(THE TASK)
The whole listing, except its pictures, is to be repeated exactly.

(GIVEN DATA)
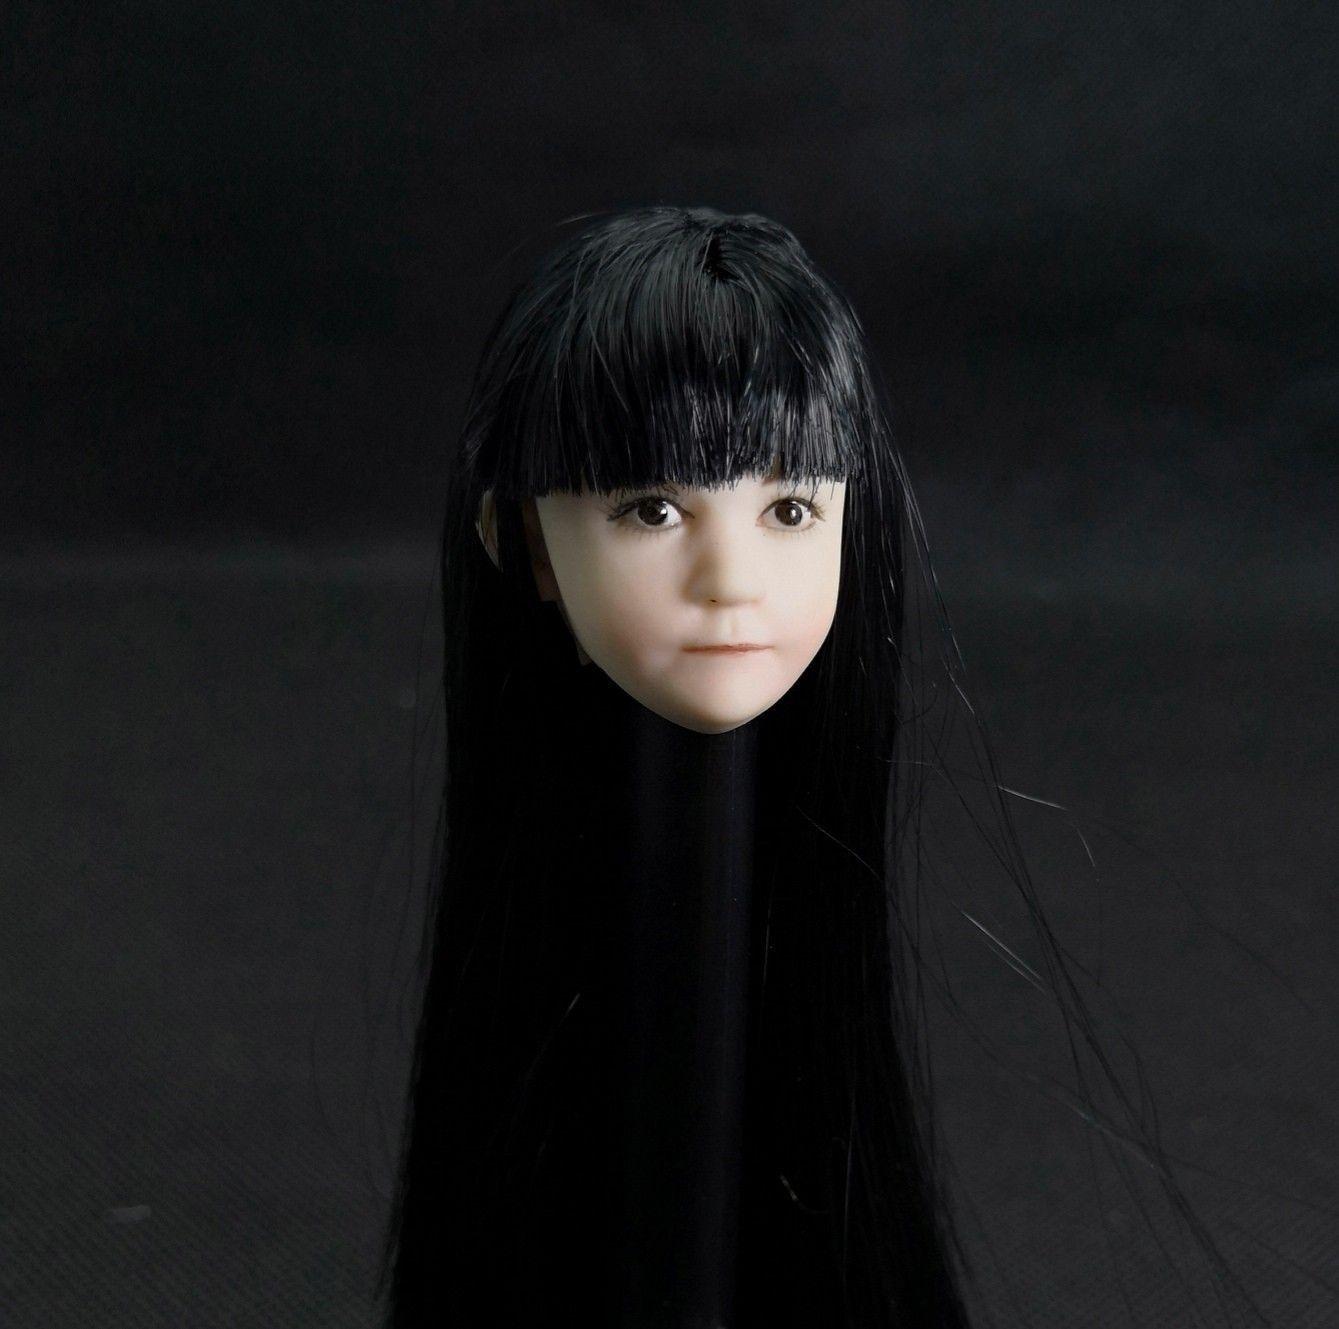 1 6 Cute Girl  autoved Sculpt modellololo giocattolo Female Head Fit 12  azione cifra  Negozio 2018
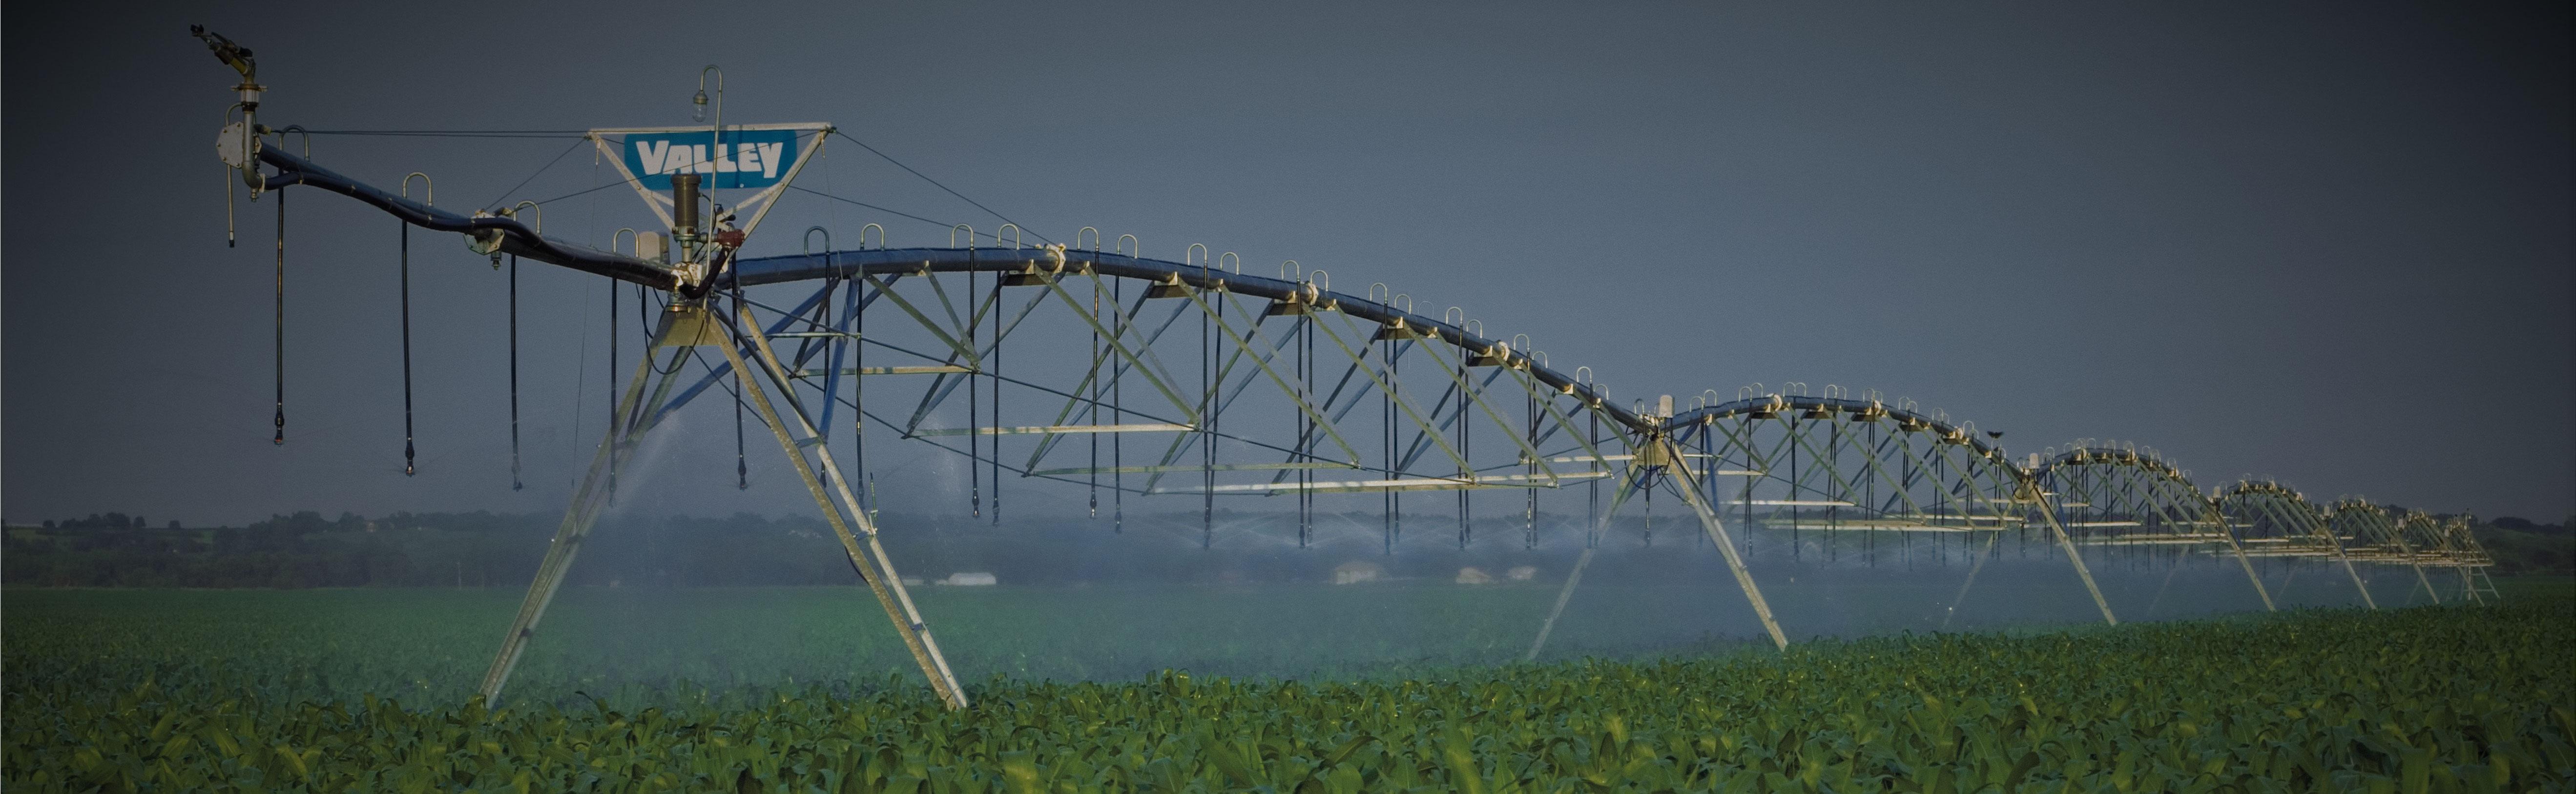 Hot-Dip Galvanized Valley Irrigation Machine 1
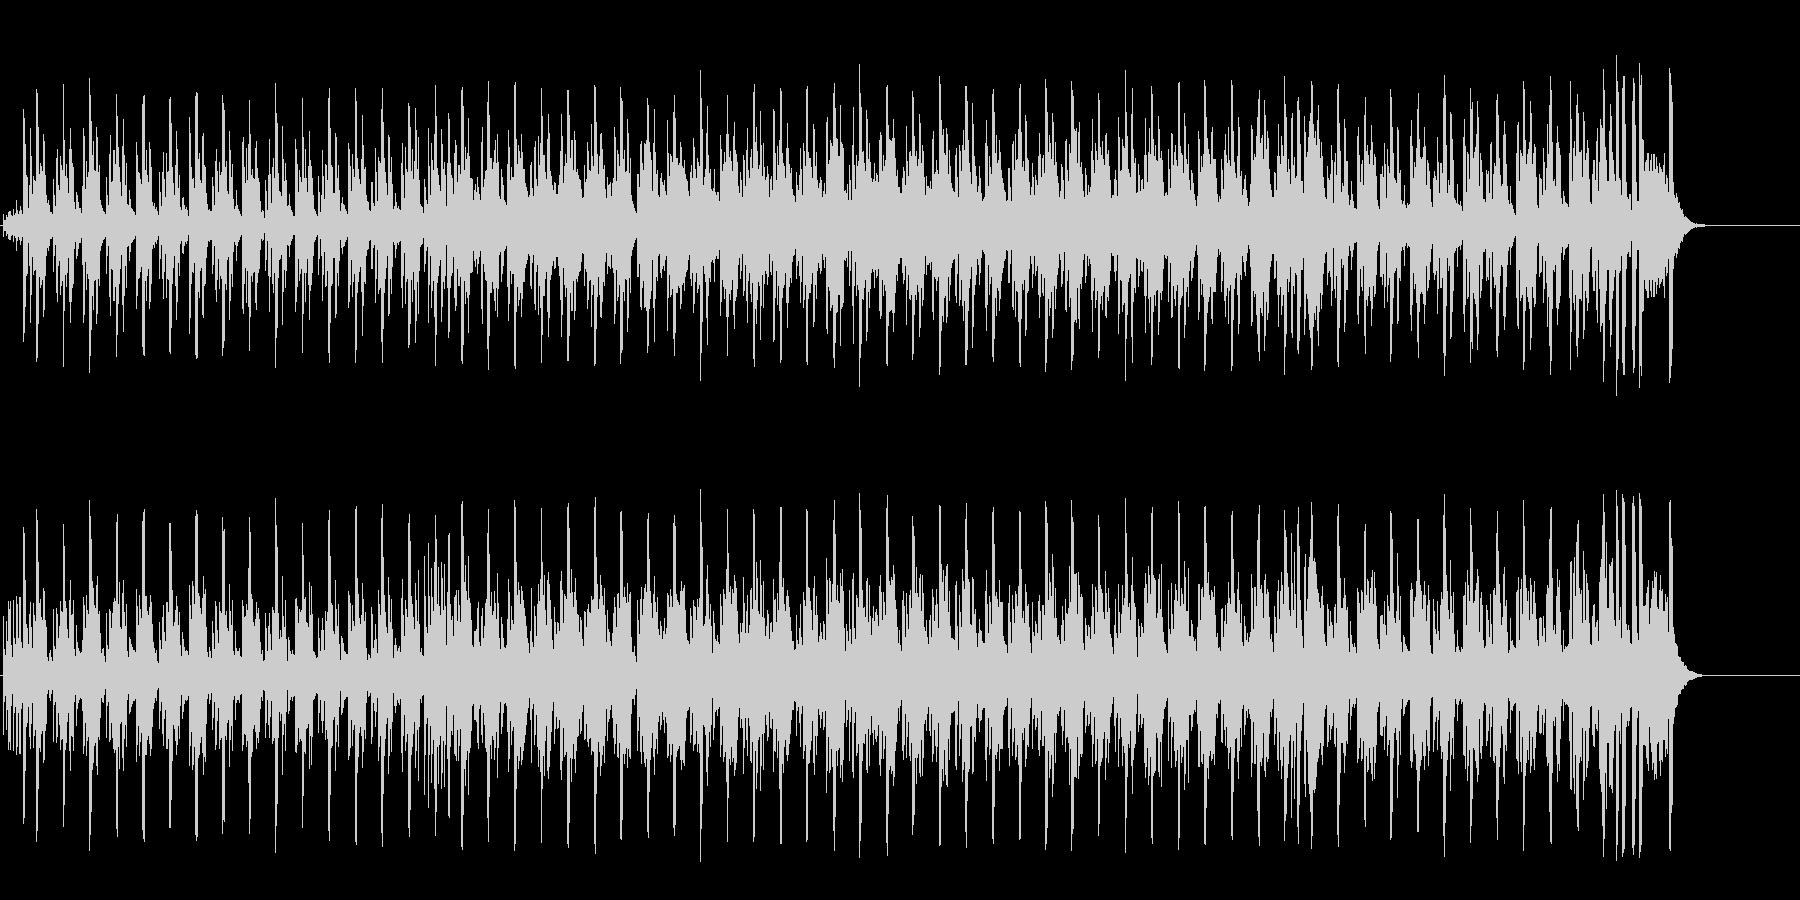 陽気な南国ムードののどかなレゲエポップの未再生の波形

(WRITTEN ANSWER)
 1 6 Cute Girl  autoved Sculpt modellololo giocattolo Female Head Fit 12  azione cifra  Negozio 2018
 Hot-Dip Galvanized Valley Irrigation Machine 1
 陽気な南国ムードののどかなレゲエポップの未再生の波形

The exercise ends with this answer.